As I said, this week photos were shared, and the gist of the conversation was how they children looked less like they have DS as they grew older.
This was difficult for me, because I feel as though I’ve noticed it more as Amelia has grown. Like as a baby, you either thought nothing or something indefinable was different, but now you can see it. Is it her reduced speech ability? Her immaturity? Is it that I’m more versed now, so I see things more?
Is it me??
You walk this line, with disabled children, between hope and realism when it comes to looking at their future expectations. My dear friend Katrina wrote an excellent post on expectations and goals about her daughter who has Down syndrome, that nails a lot of these issues. Around here, this onus is on me. You wonder, am I doing enough? Too much? Just right? *I* wonder, Would Amelia be further along if I were a better mother?
These are all part of the reasons I’ve left my job. I feel like I’ve got to do more, like I can do more, without making this home of theirs a 24/7 educamp. That’s not appropriate either – kids need to be kids. But for me, I cannot juggle all these things AND organize discipline and educational systems and nutritional issues without significant time input. I just don’t have that skill, I’m not a nurturer by nature. (BTW, I could write a treatise on why I think motherhood is a choice NOT a calling, but that’s for another day. Maybe.)
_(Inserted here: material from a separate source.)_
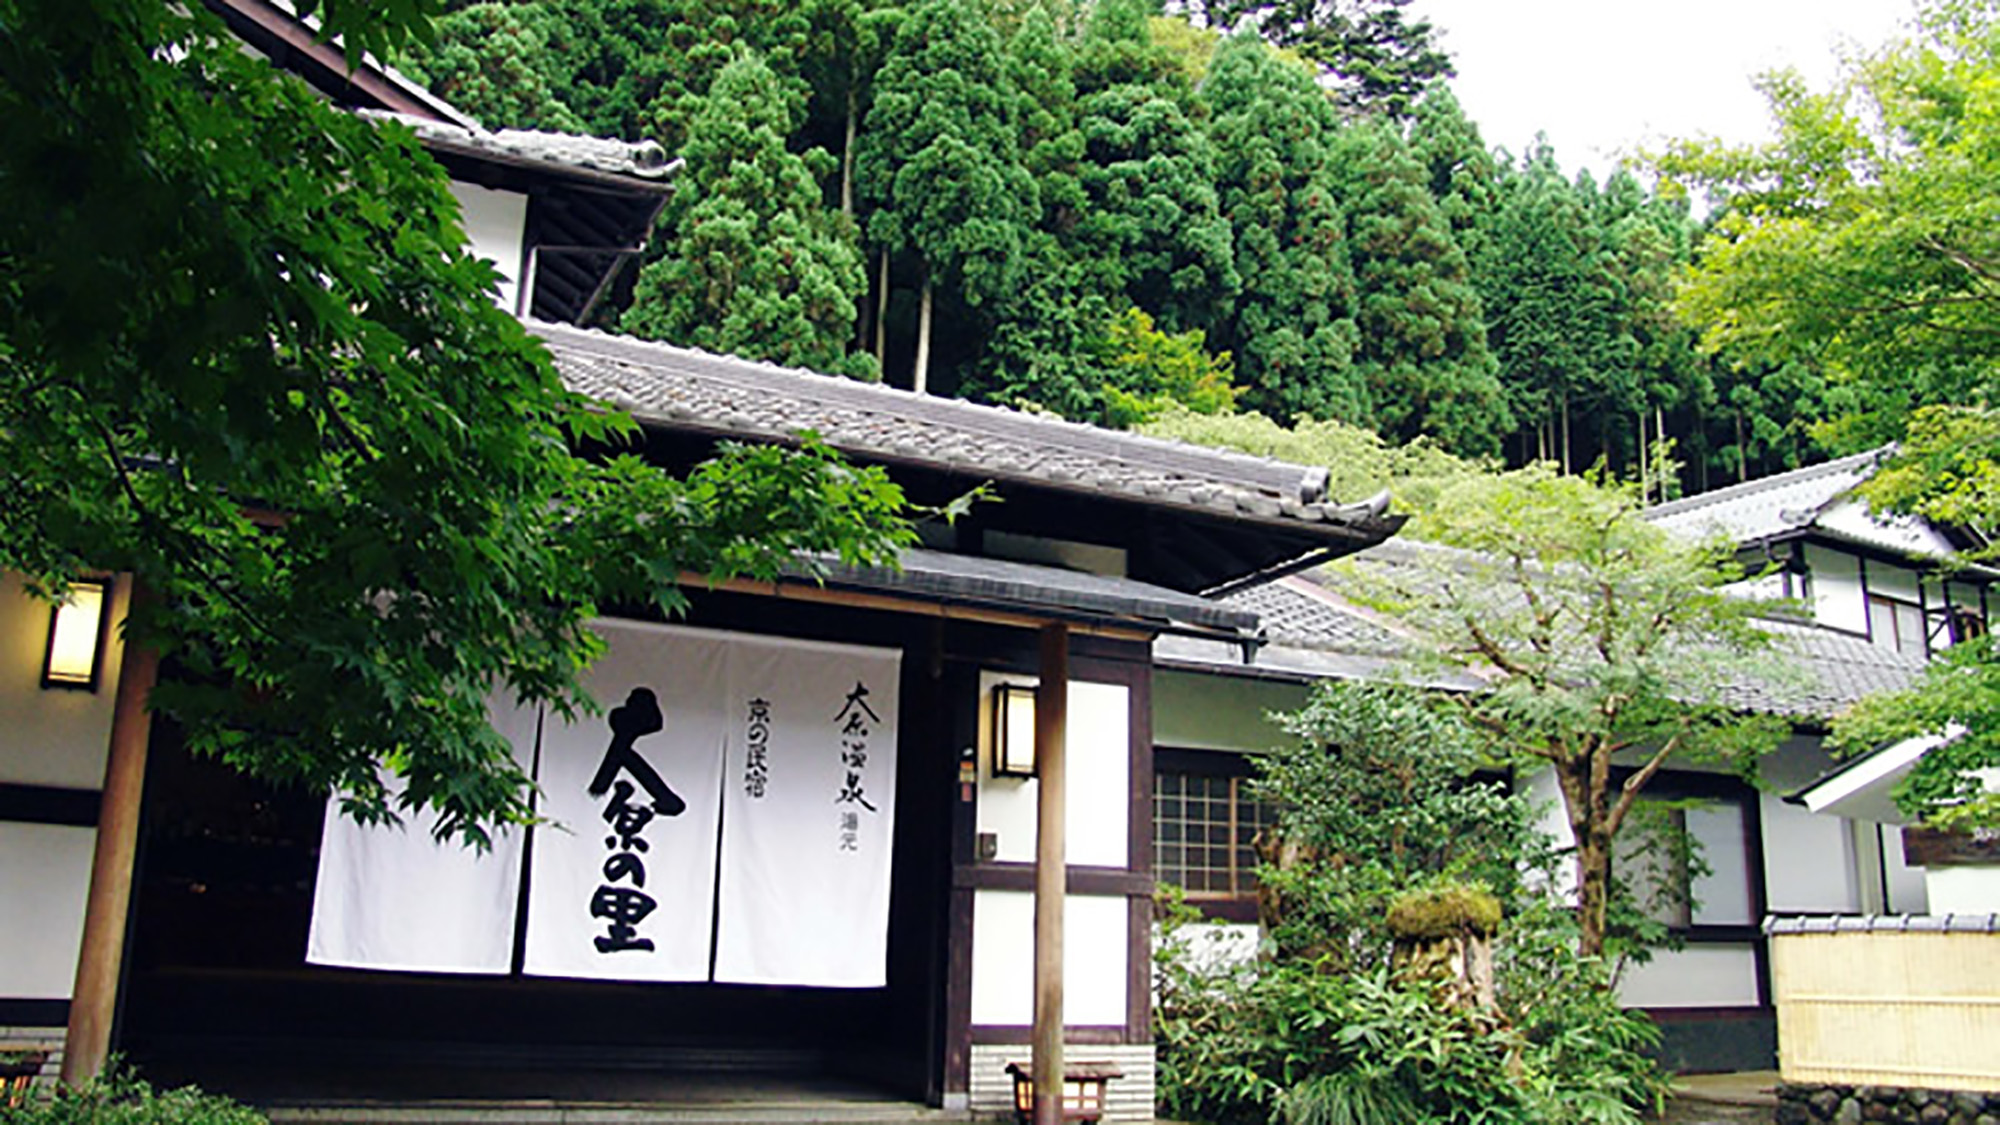 京都大原の民宿〜100年続く希少味噌〜大原温泉 大原の里

What will Amelia be when she grows up? Will she develop past Down syndrome, become “more” typical (whatever that means)?
I don’t know. My job is to prepare her for life, to make the best of it, to succeed at a level that befits her and no one else. I feel that I need to be prepared for anything. I’m not without hope, but it’s too easy for me to let hope rule the day while sacrificing practicality, so I backpedal from it a bit.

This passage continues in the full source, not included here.